China’s exports of products fell 7.7% year-on-year in May to $ 206.81 billion, the China Customs Administration reported.
In turn, Chinese merchandise imports totaled $ 143.89 billion, a decrease of 16.7%, at the annual rate.
As a result, China’s total merchandise trade was $ 350.7 billion, a decline of 9.3%, year-over-year.
Measured in terms of yuan, China’s exports grew at an annual rate of 1.4%, which led the trade balance to register a surplus of 442.7 billion yuan.
Exports to the world
In China, the country where the pandemic originated, economic activity was already severely affected in the first quarter as a result of strict containment measures by Covid-19.
The real Gross Domestic Product (GDP) collapsed 6.8% in the year. According to official statistics, this was the first contraction in GDP since the introduction of quarterly estimates in 1992.
Almost all sectors were affected in the first quarter.
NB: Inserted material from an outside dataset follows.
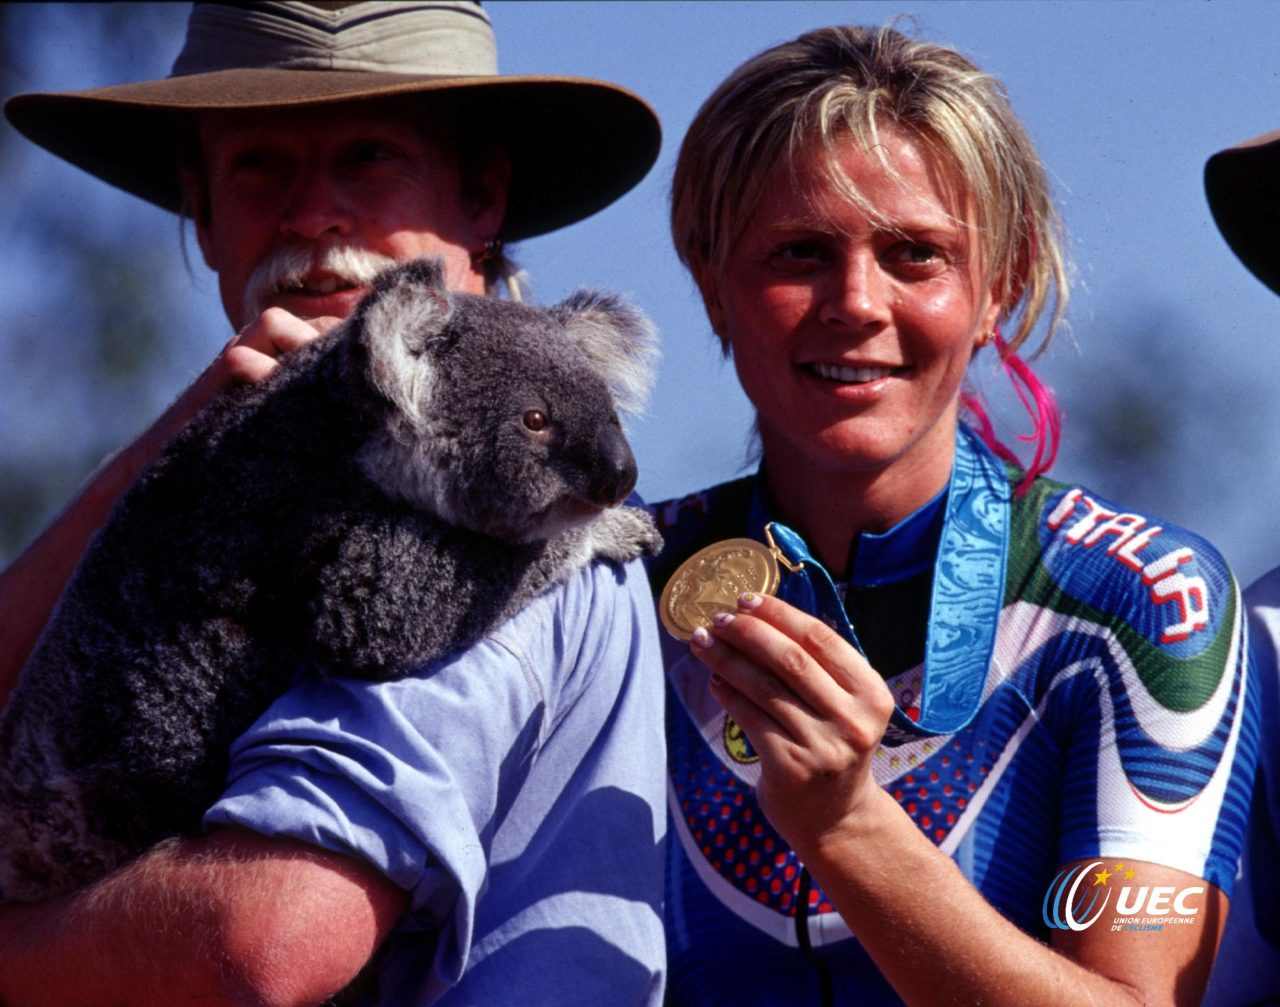 Paola Pezzo Mountain Bike Olympic Games Sydney

The losses were particularly severe in hotel and restaurant services, as well as in wholesale and retail trade.
Meanwhile, industrial production decreased by almost 9%, mainly because the Chinese New Year plant shutdowns, which were originally scheduled to end in late January, were extended by at least a week by authorities in large areas of the country.
Furthermore, labor shortages and lack of supplies made it difficult to further increase production.
Large-scale production losses and logistical problems also caused a sharp decline in merchandise exports, thus disrupting cross-border supply chains in some parts.
Globally, China leads product exports and is the second largest importer of goods.